*SUPPLIED ENTRIES*
= Beginning of Section =

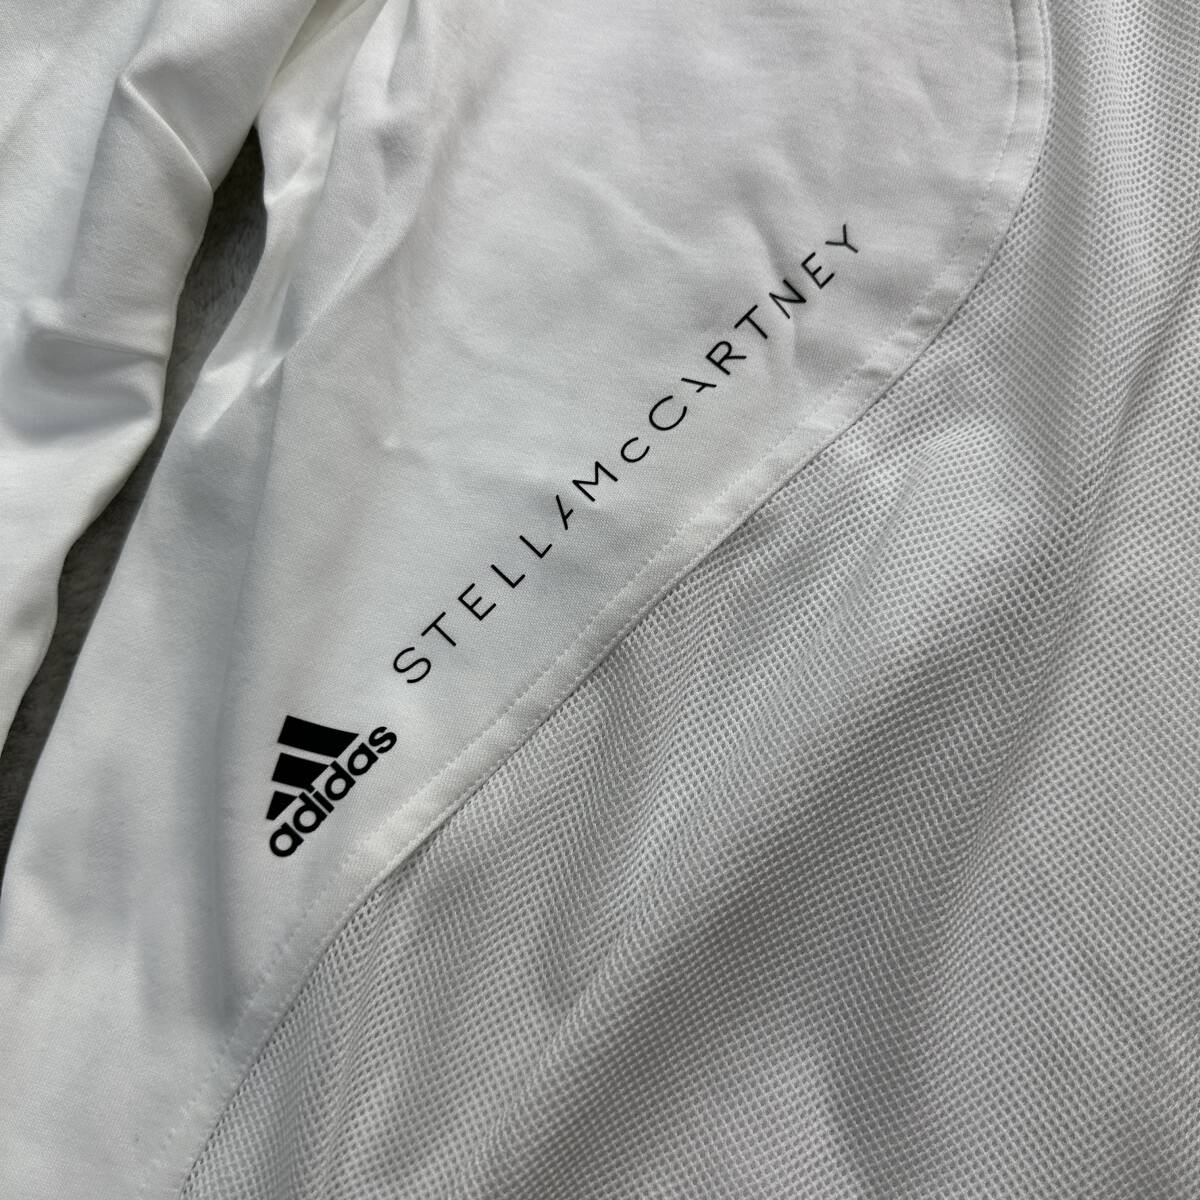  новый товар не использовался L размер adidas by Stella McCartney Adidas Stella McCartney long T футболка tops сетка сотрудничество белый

= End of Section =
= Beginning of Section =

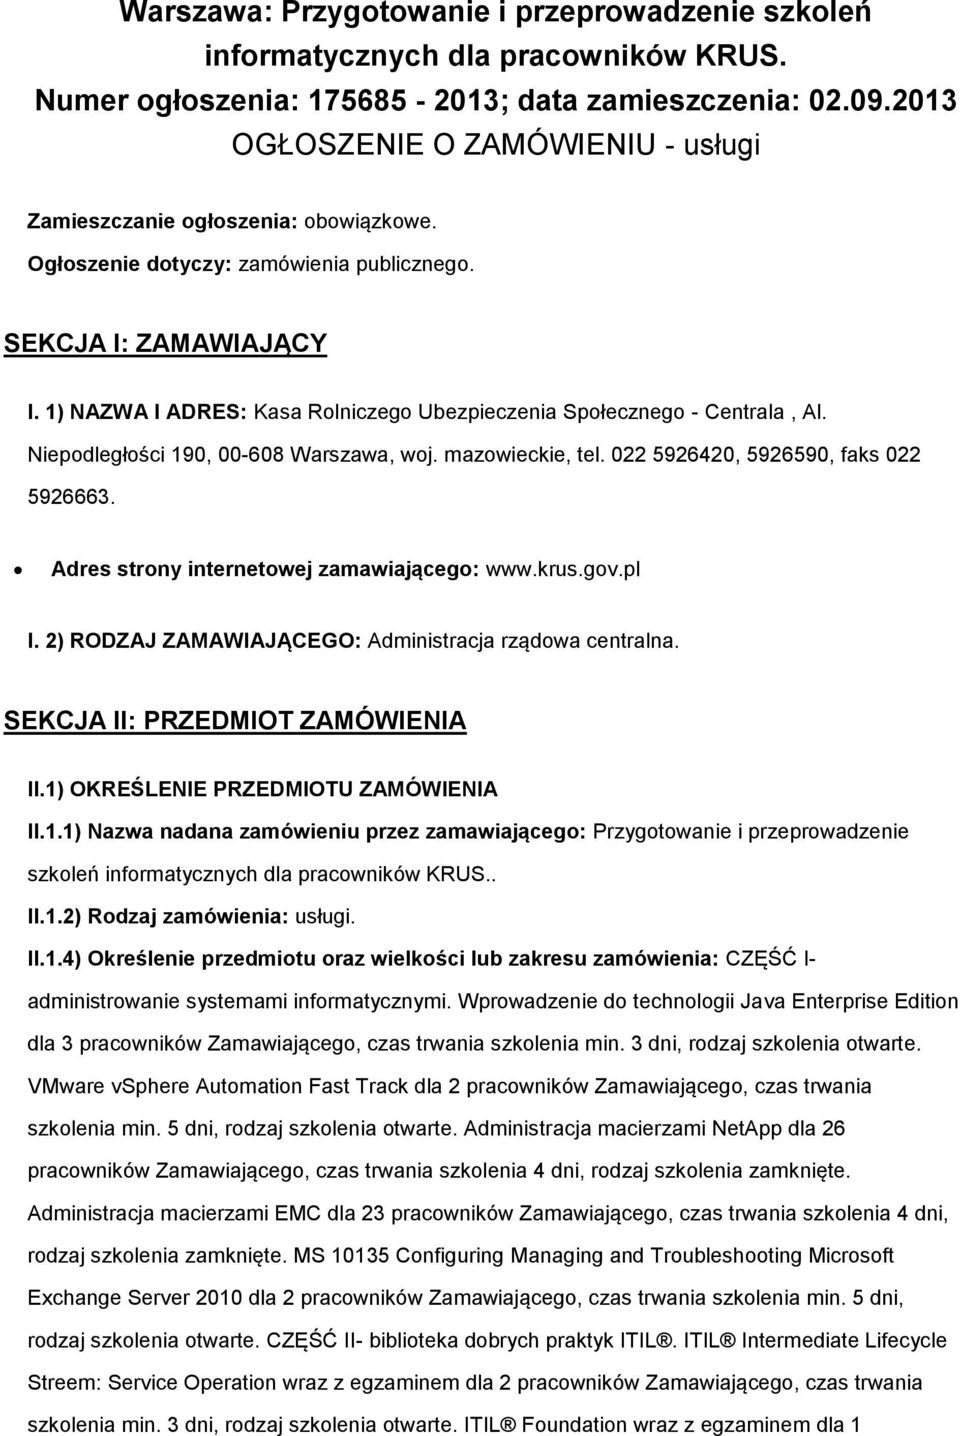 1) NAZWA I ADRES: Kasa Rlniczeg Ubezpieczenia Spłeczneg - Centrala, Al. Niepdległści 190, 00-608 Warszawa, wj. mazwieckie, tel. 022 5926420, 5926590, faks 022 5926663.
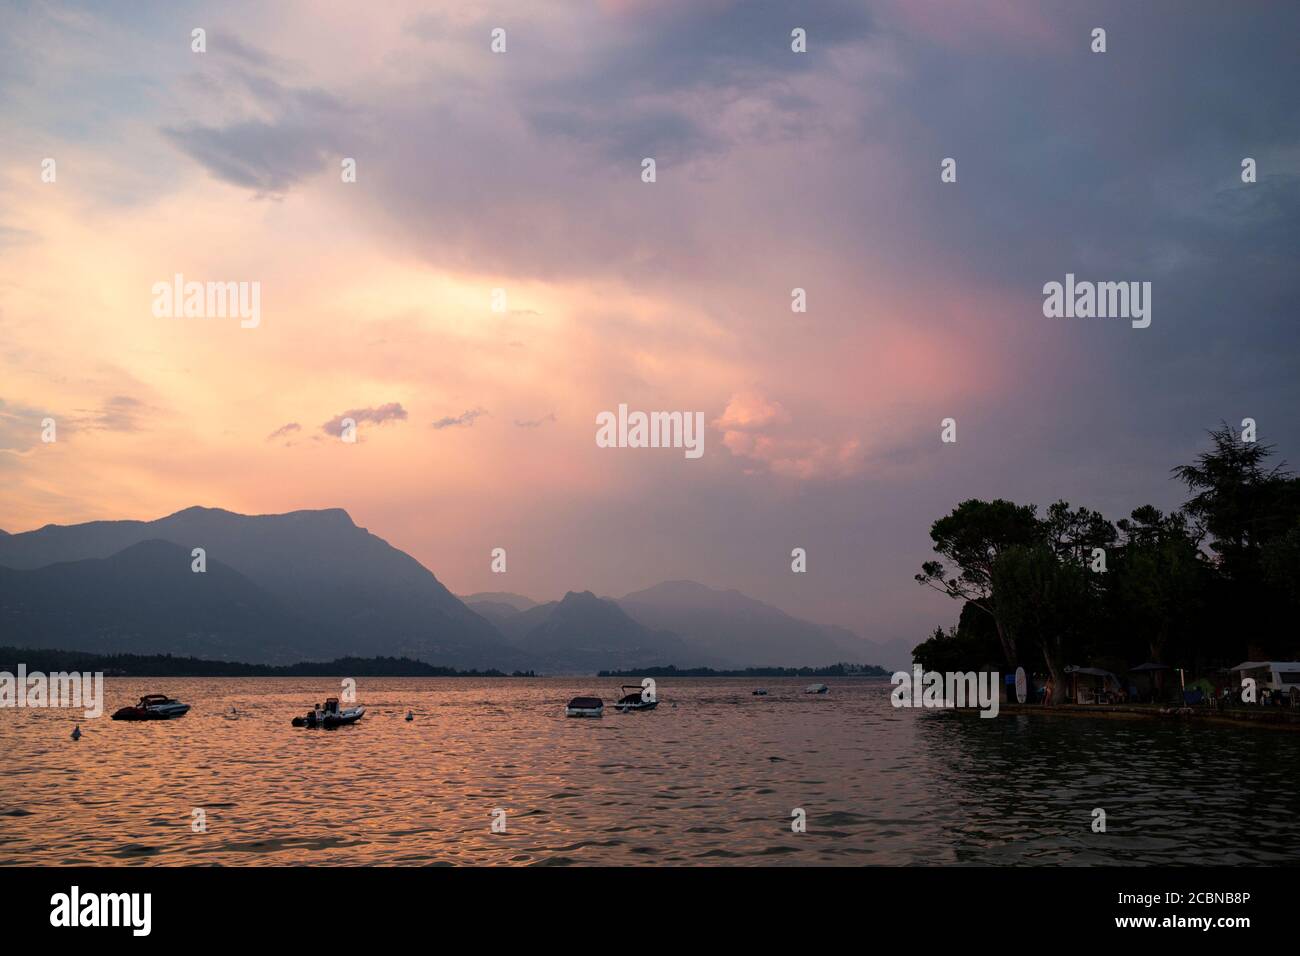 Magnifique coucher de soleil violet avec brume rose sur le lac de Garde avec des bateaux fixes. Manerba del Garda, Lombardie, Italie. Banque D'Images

= End of Section =

*ACTIVITY*
Extract the part of the records that opens with the line containing "1) NAZWA I ADRES: Kasa" and closes with the line containing "Magnifique coucher de". Take only those lines, exactly, and no pictures.

*SOLVED PROBLEM*
 1) NAZWA I ADRES: Kasa Rlniczeg Ubezpieczenia Spłeczneg - Centrala, Al. Niepdległści 190, 00-608 Warszawa, wj. mazwieckie, tel. 022 5926420, 5926590, faks 022 5926663.
 Magnifique coucher de soleil violet avec brume rose sur le lac de Garde avec des bateaux fixes. Manerba del Garda, Lombardie, Italie. Banque D'Images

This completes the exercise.